- **Problem details**
From the entries below, print exactly the span beginning with the line holding "Hummel Slimmer Stadil" and ending with the line holding "брендове взуття, 2017", endpoints included, and skip any pictures.

- **Records for the exercise**
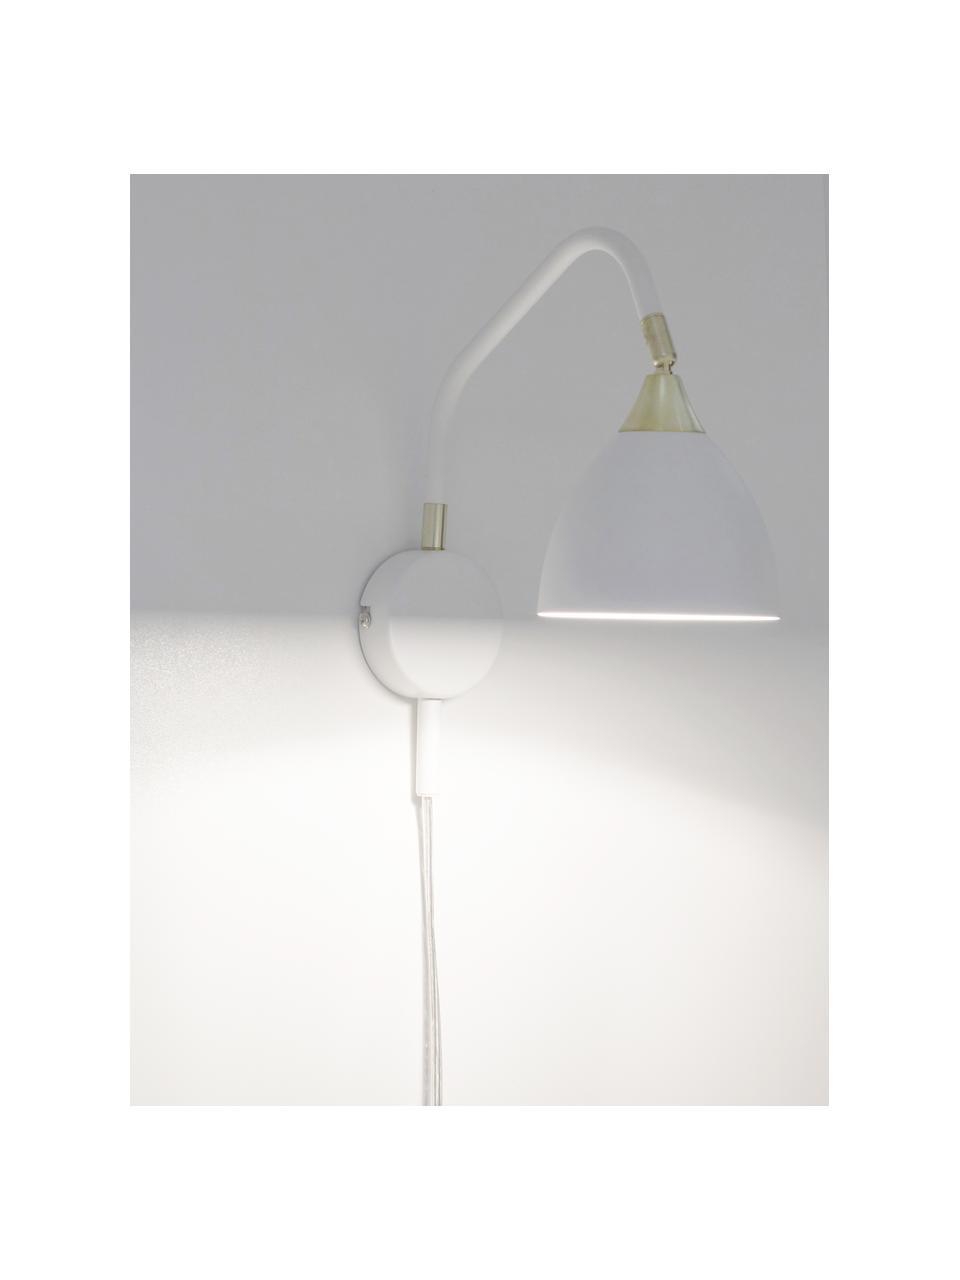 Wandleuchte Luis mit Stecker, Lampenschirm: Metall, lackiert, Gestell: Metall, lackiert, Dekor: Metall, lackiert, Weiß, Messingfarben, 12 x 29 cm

--

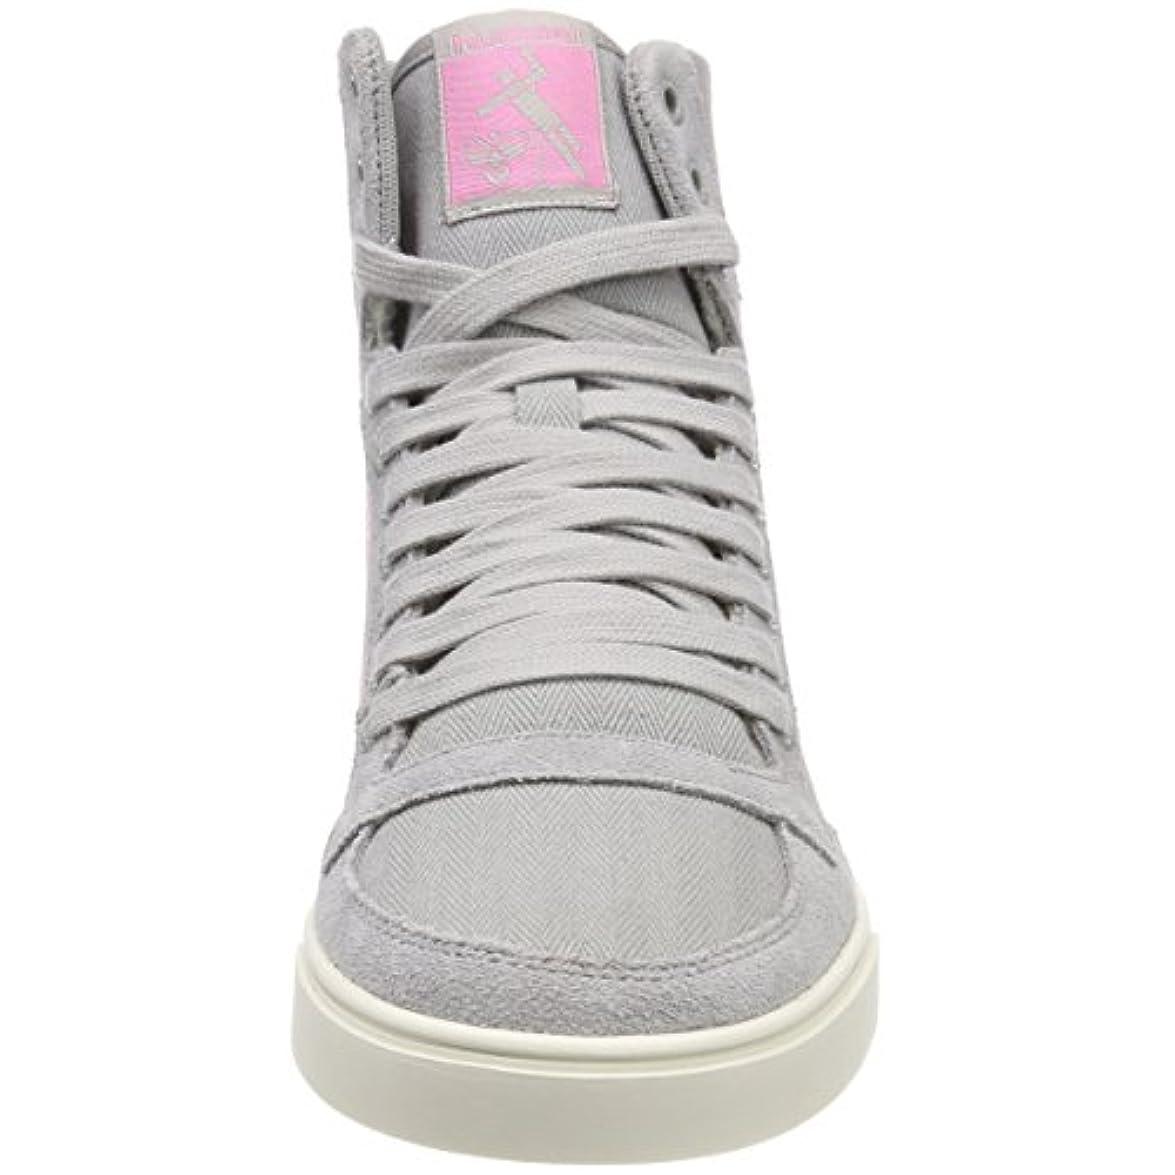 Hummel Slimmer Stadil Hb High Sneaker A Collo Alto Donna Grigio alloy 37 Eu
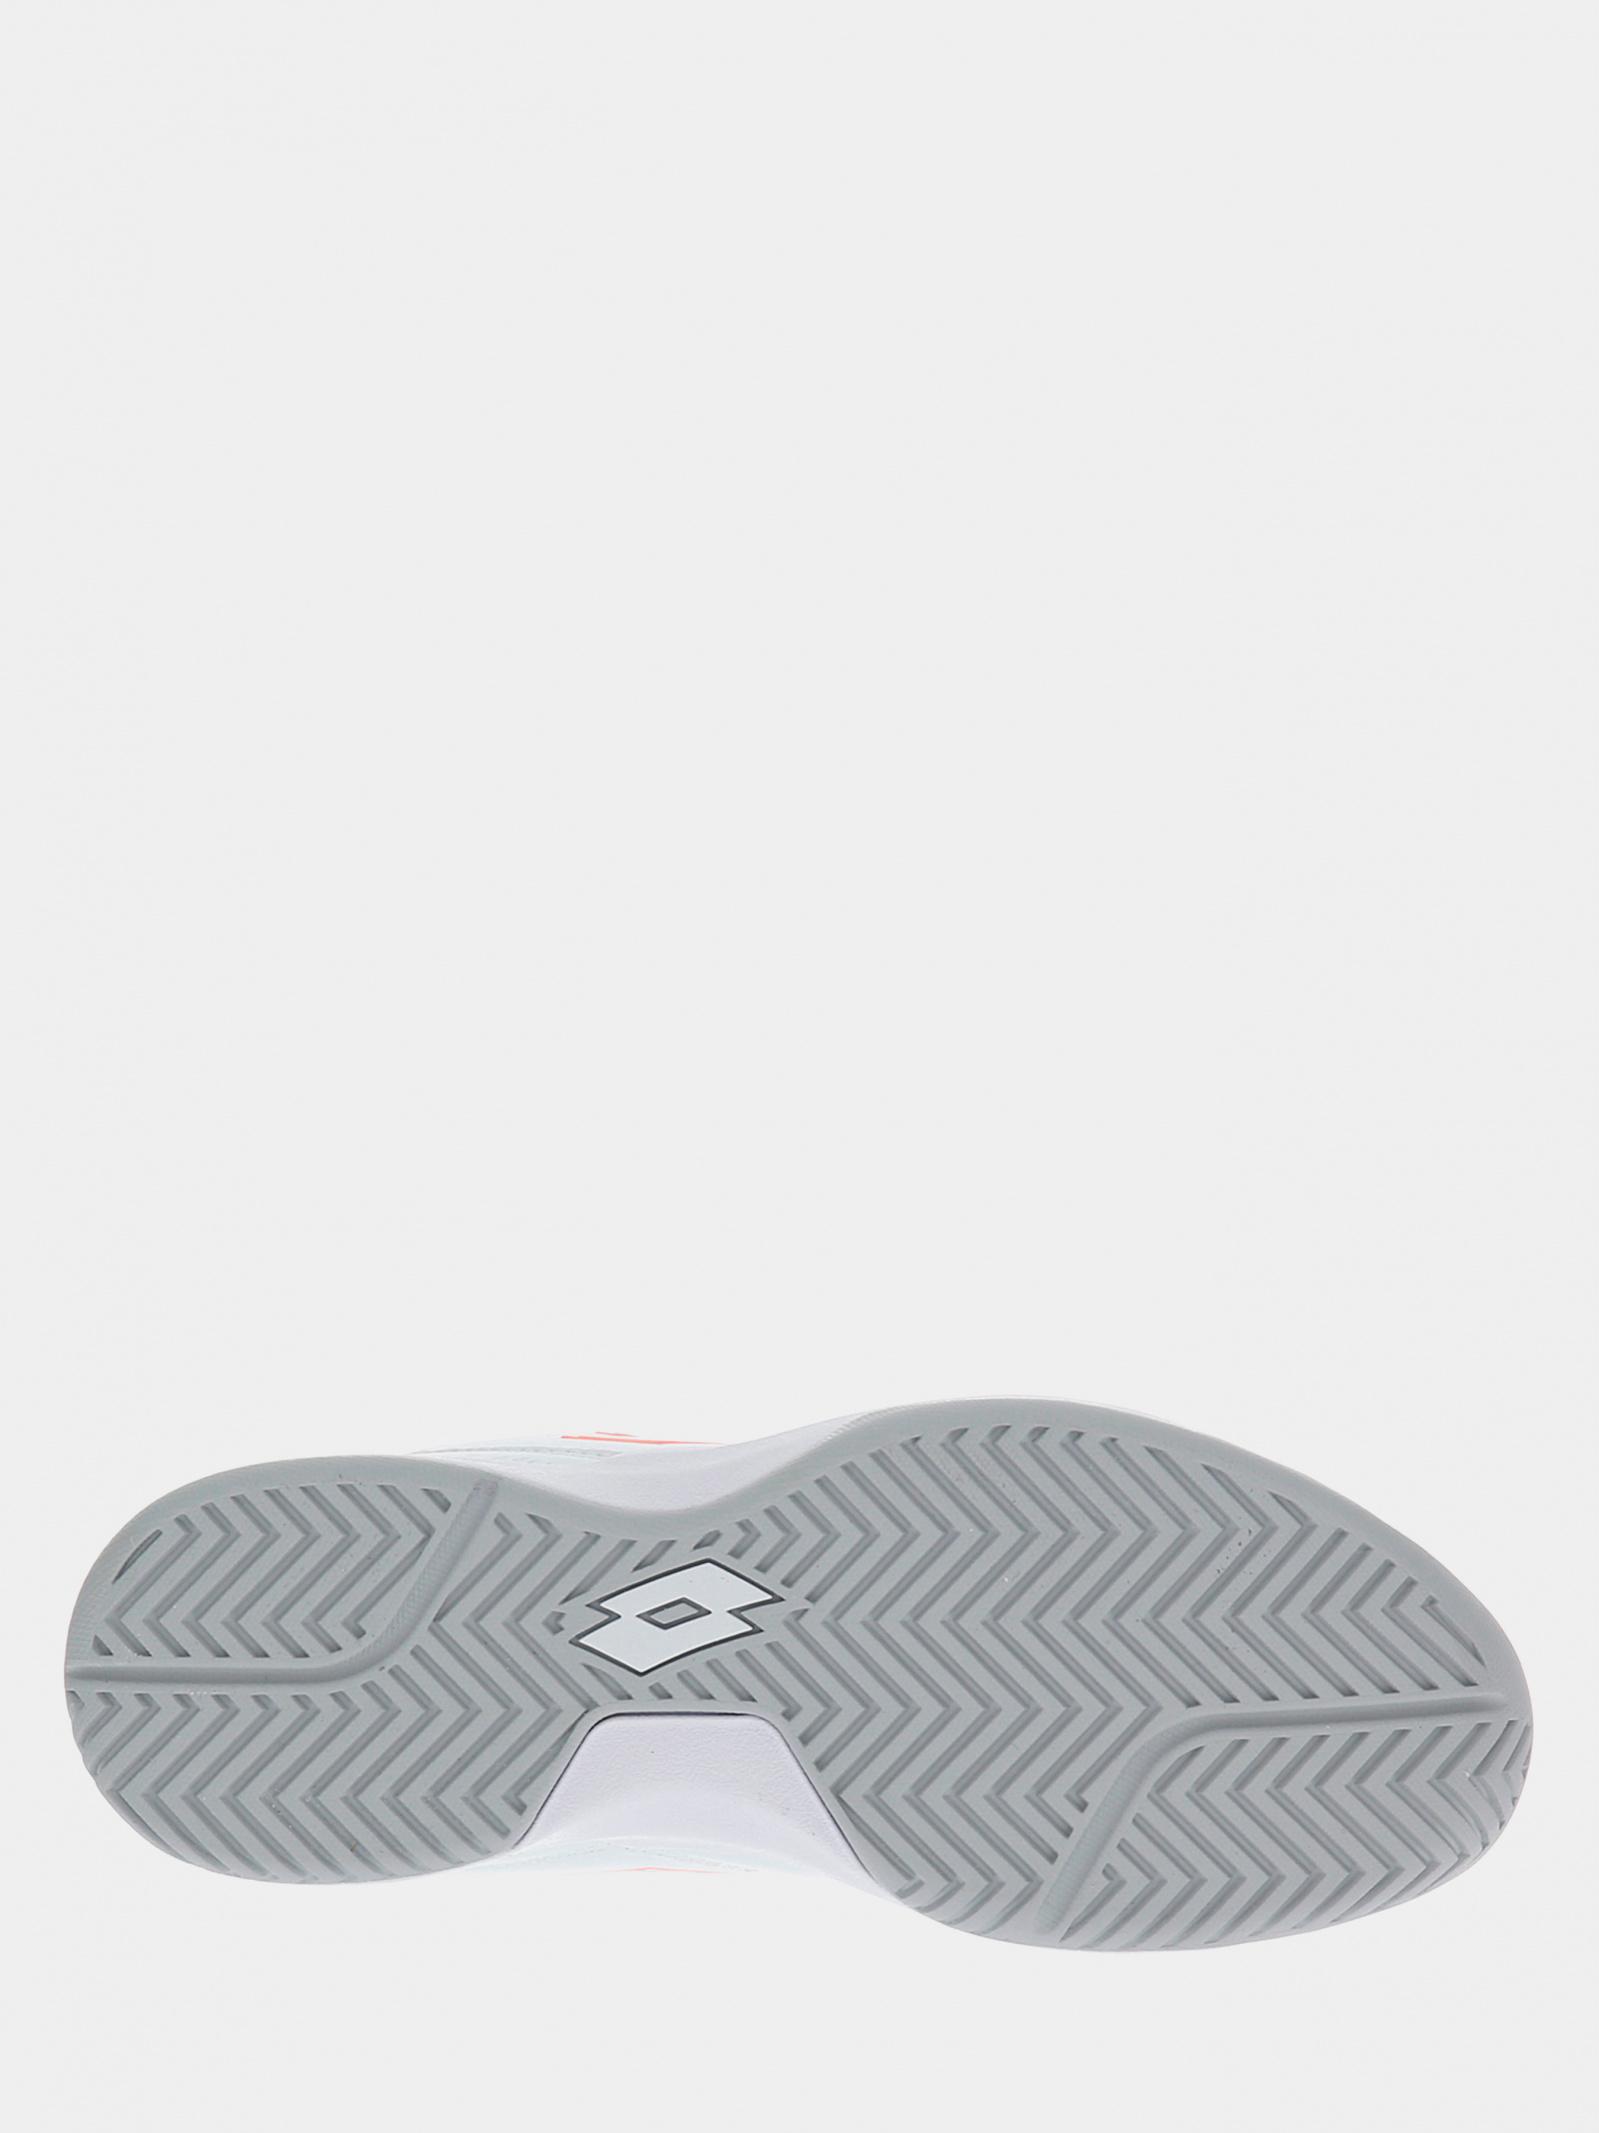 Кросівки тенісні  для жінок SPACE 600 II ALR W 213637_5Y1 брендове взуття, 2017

- **Completed exercise**
 Hummel Slimmer Stadil Hb High Sneaker A Collo Alto Donna Grigio alloy 37 Eu
 Кросівки тенісні  для жінок SPACE 600 II ALR W 213637_5Y1 брендове взуття, 2017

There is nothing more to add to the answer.